The “Friendly Neighborhood” of New York City


Charts & Graphs, Lab Reports, Visualization
Map distribution of New York City Crime in 2022 Year to Date

Introduction

New York City is known for being one of the “not completely safe” city in the United States for many decades. Everyday in New York City there are numerous of crimes committed, and New York City Police Department (NYPD) takes major efforts to try to reduce the crime rate. As technology and internet become more and more accessible to everyone, it’s very easy to obtain such crime data to study the trends and observe interesting findings using these data. In this study, we will try to use some of these New York City crime data to create some visualizations to help us have a better understanding of the crime trends in New York City.

Software

The software that is used in this study is Tableau. Tableau is a very powerful data visualization software that allows users to simply drag and drop attributes of the data to create amazing graphs and charts. This is the first time I am using Tableau, and at first it looked a little overwhelming with all the information presented on the interface, but once the data is imported, it’s pretty straightforward to use by just creating worksheets and dragging the columns that you want to use in your specific chart.

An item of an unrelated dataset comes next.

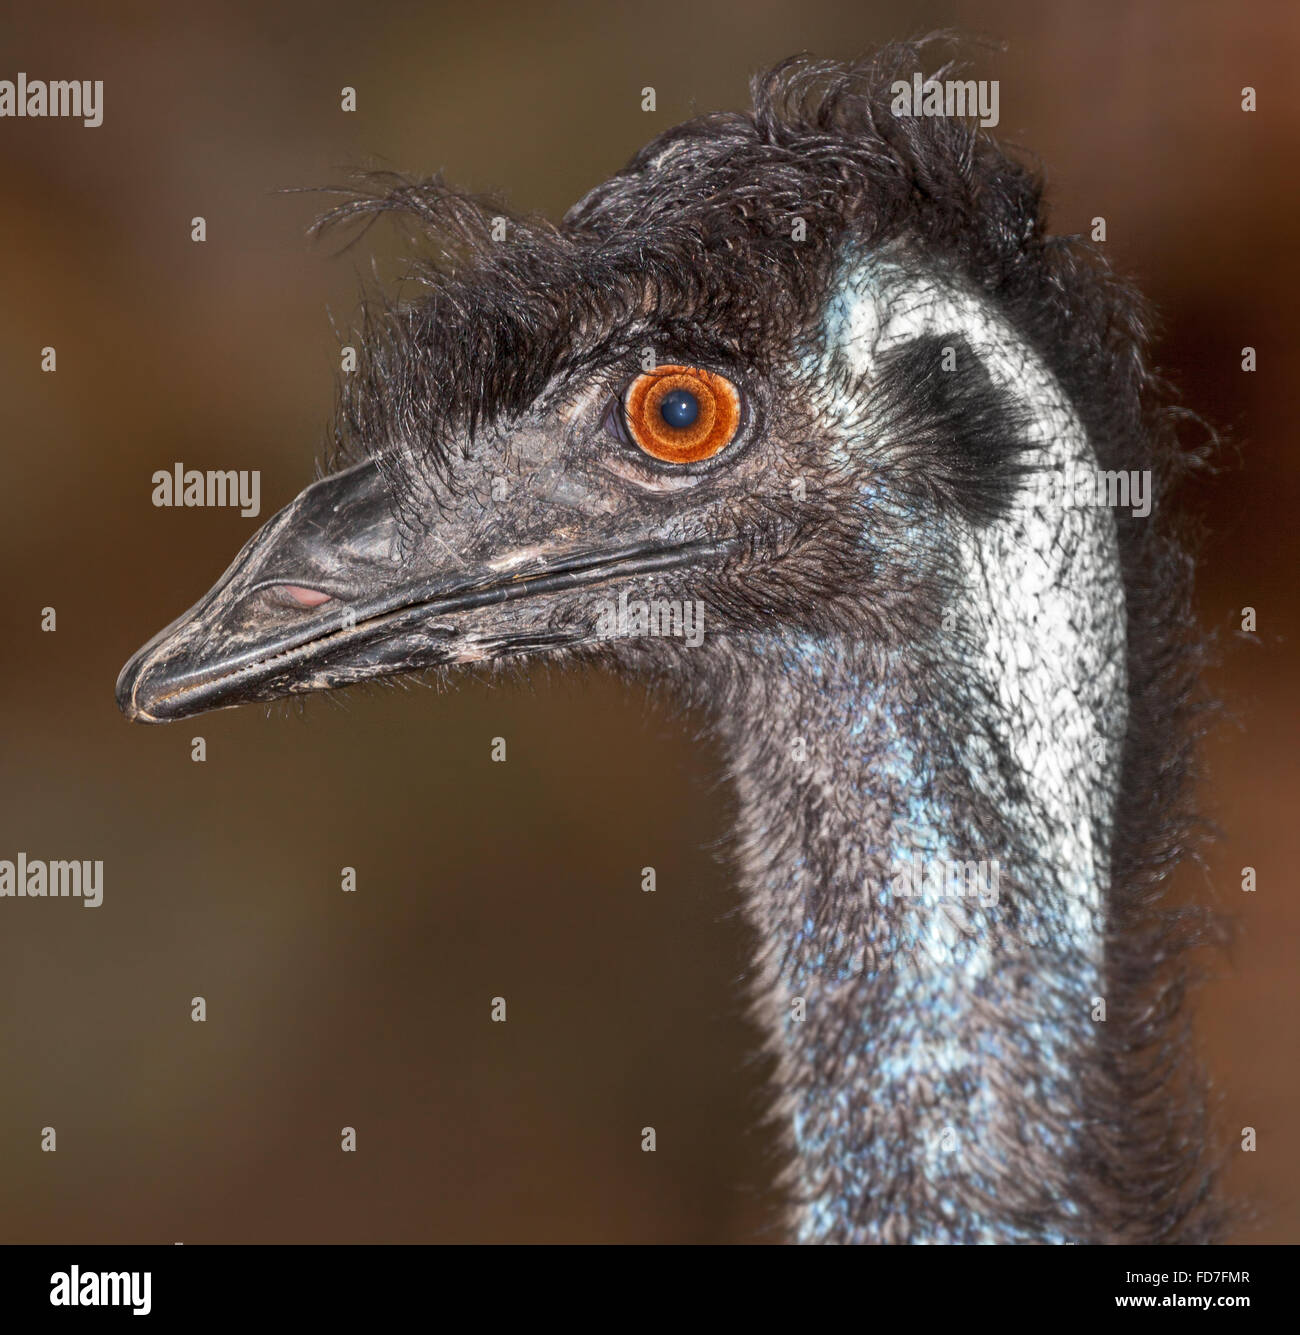 an Australian native, emu, a large flightless bird. Stock Photo

Figure 1: A snapshot of using Tableau Software

Datasets

The dataset that was used in this study was obtained from NYC Open Data website. This website provide all sorts of open data that is related to New York City, and this particular dataset contains all valid felony, misdemeanor, and violation crimes reported to the NYPD. I have chosen this dataset only contains Current Year To Date because dataset on this topic that covers an even bigger time range is way too big for my computer to handle.

Link to the dataset is here: https://data.cityofnewyork.us/Public-Safety/NYPD-Complaint-Data-Current-Year-To-Date-/5uac-w243

Process & Methods & Results

Data Cleaning/Processing

There were some cleaning that had to be done because there are lots of values with (null). There were also values that are “UNKNOWN”, which are not able to be cleaned because we don’t know what the actual value that it really is based on just the dataset.

For the (null) values, since we don’t know what values it actually should be either, these cells will just be replaced with UNKNOWN to match the other UNKNOWN cells.

Design Methods & Goals

We would like to see some kind of trends based on these crime report dataset, so columns like suspect’s race, victim’s race, and suspect’s gender are very good candidates for the final charts. It would also be interesting to see what kind of crimes are being committed the most for the past 2 quarters of the year, so columns like Offense Description would be very useful.

To count the datasets, we can utilize the Complaint number and perform a COUNT calculation on the column to populate the count for each of the target columns.

Result

First, let’s start off with a simple graph that shows the number of complaints through out the first six months of 2022. Figure 1 shows the data day by day and we can see that the number of crimes never drops below 800.

Figure 3: Number of Complains in 2022 by Month

If we scale up the graph and look at this data based on months, we can see that there is an increase in the number of crimes starting from February and March.

Next, we can take a look at the distribution of race on these crime reports.

From these charts, we can see a problem with the dataset. While unknown might seems to be some kind of data that should be filtered out, the number of rows with “UNKNOWN” values are actually higher than any categories here. Therefore, it’s actually not a good idea to put into any assumption on the trend based on race because the unknown values could add up to any of the rest of the race.

Same problem can be seen in the number of crimes based on the gender. There were quite a lot of (null) and unknown data and they have to be grouped together first in order to make this pie chart more organized. However, the chart’s information can’t really represent anything because the “Unknown” portion is way too huge and could actually have an impact if we find out on the percentage break up between male and female if we find out what the actual values of the unknown data are.

Other than the problem with the dataset, originally the bar chart are all single color, but after creating the pie chart, I realized that having different colors for each “race” or “gender” is better to distinguish each section and easier to read for the user.

Finally, we have a map distribution of all the crimes mapped with the corresponding latitude and longitude

Red was chosen here with each of the data points as one row of the dataset because red stands out to the eye and with the opacity turned down, we can see that some areas are not as dense. However, majority of the NYC map have this thick red color, which shows that the number of crimes are pretty much the same everywhere.

Future Direction

If I am doing this project again, I would definitely want to focus on more other columns and make more complex graphs with more dimensions. For example, each of these crime complaints have a time range (complaint open date and close date), these columns could be useful if we are making a visualization to show how long do these complaints usually last, or in other words, how long does it take for NYPD to resolve these problems that people are reporting. Furthermore, I believe the styling and designs of these graphs can be improved as well. For the map distribution graph, each data points are very close to each other and the overall area that are being covered is too big. It would actually be better if I group the datasets into smaller sections of New York City and plot it to something similar to a heat map.